Louie Brenton, Mork Peter, Martin-Sanchez Fernando, Halevy Alon, Tarczy-Hornoch Peter
Department of Medical Education and Biomedical Informatics, University of Washington, Seattle, USA.
J Biomed Inform. 2007 Feb;40(1):5-16. doi: 10.1016/j.jbi.2006.02.007. Epub 2006 Mar 9.
Genomic medicine aims to revolutionize health care by applying our growing understanding of the molecular basis of disease. Research in this arena is data intensive, which means data sets are large and highly heterogeneous. To create knowledge from data, researchers must integrate these large and diverse data sets. This presents daunting informatic challenges such as representation of data that is suitable for computational inference (knowledge representation), and linking heterogeneous data sets (data integration). Fortunately, many of these challenges can be classified as data integration problems, and technologies exist in the area of data integration that may be applied to these challenges. In this paper, we discuss the opportunities of genomic medicine as well as identify the informatics challenges in this domain. We also review concepts and methodologies in the field of data integration. These data integration concepts and methodologies are then aligned with informatics challenges in genomic medicine and presented as potential solutions. We conclude this paper with challenges still not addressed in genomic medicine and gaps that remain in data integration research to facilitate genomic medicine.

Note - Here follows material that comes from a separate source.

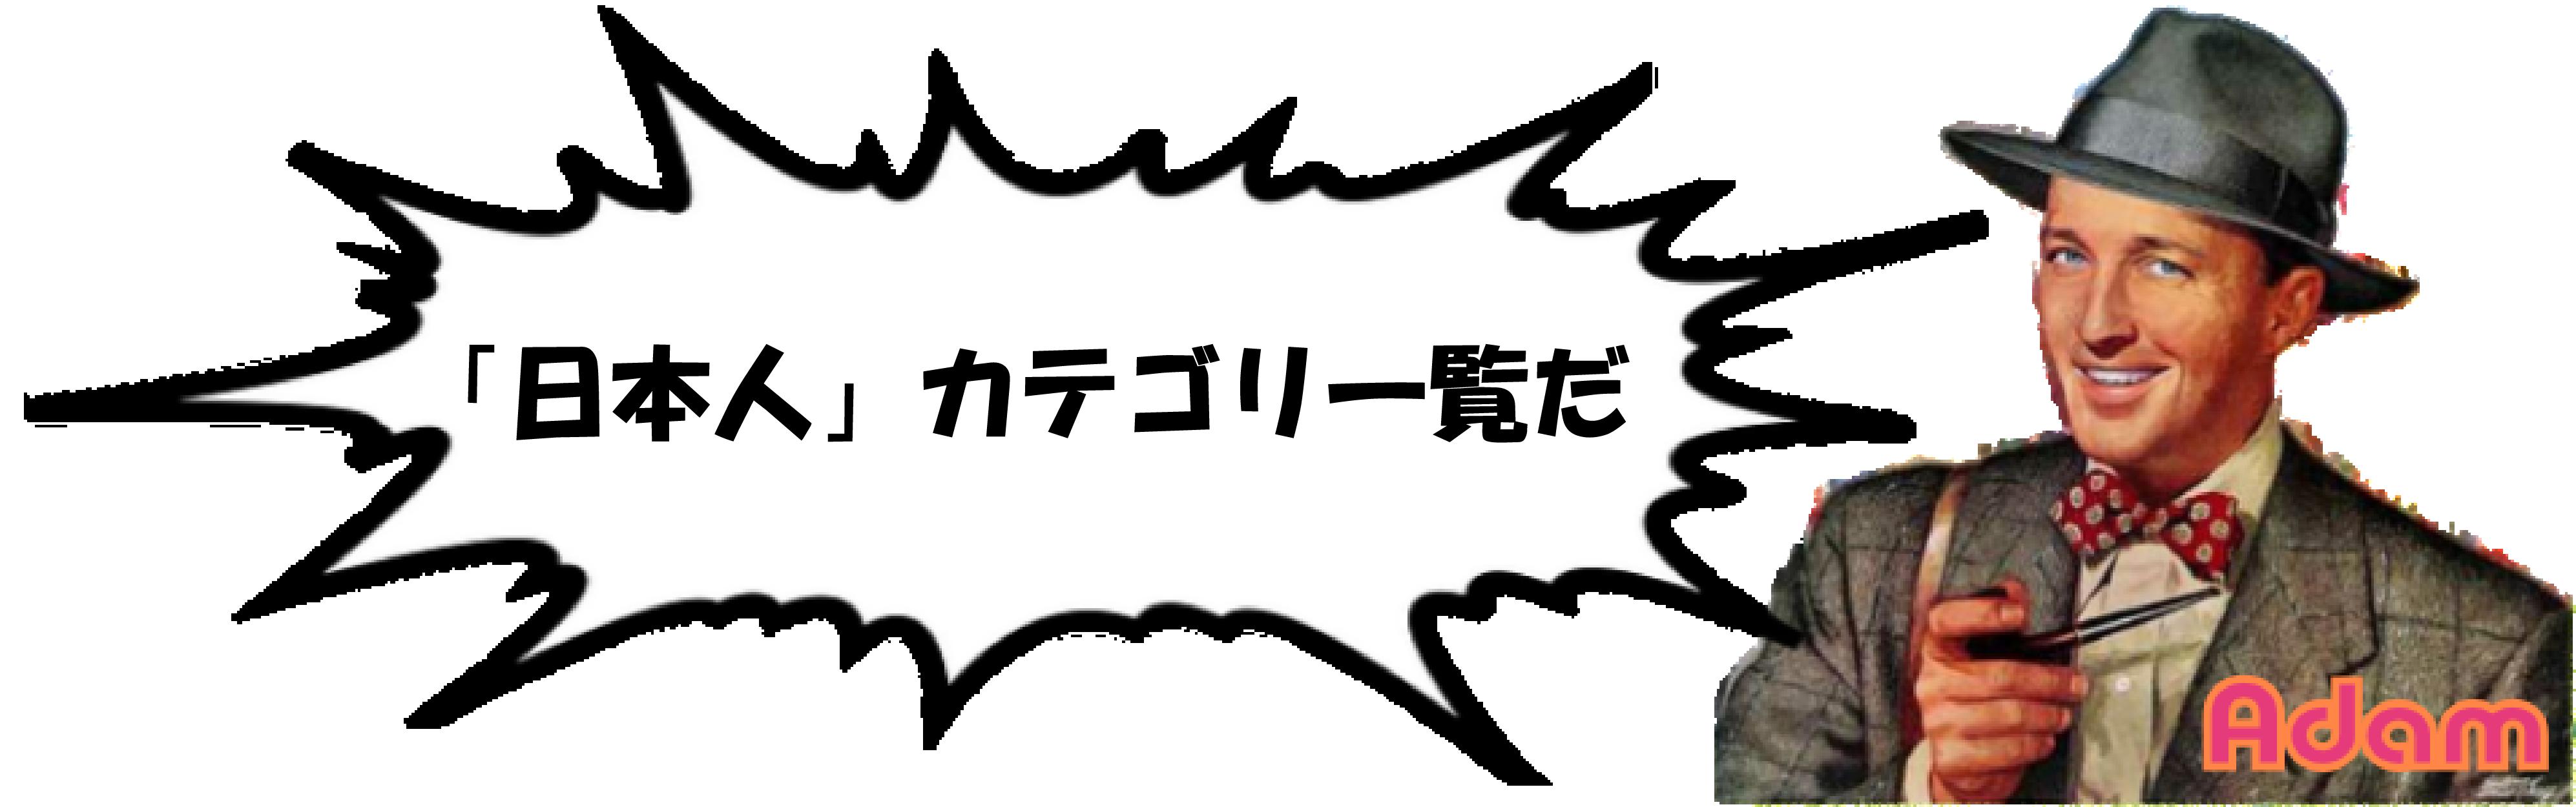 テンプレート(日本人カテゴリ一覧)-01

基因组医学旨在通过应用我们对疾病分子基础日益加深的理解来彻底改变医疗保健。该领域的研究数据密集,这意味着数据集规模庞大且高度异质。为了从数据中创造知识,研究人员必须整合这些庞大且多样的数据集。这带来了艰巨的信息学挑战,例如适合计算推理的数据表示(知识表示)以及链接异质数据集(数据整合)。幸运的是,其中许多挑战可归类为数据整合问题,并且数据整合领域存在可应用于这些挑战的技术。在本文中,我们讨论基因组医学的机遇,并识别该领域的信息学挑战。我们还回顾数据整合领域的概念和方法。然后将这些数据整合概念和方法与基因组医学中的信息学挑战相结合,并作为潜在解决方案呈现。我们在本文结尾指出基因组医学中仍未解决的挑战以及数据整合研究中仍存在的差距,以促进基因组医学发展。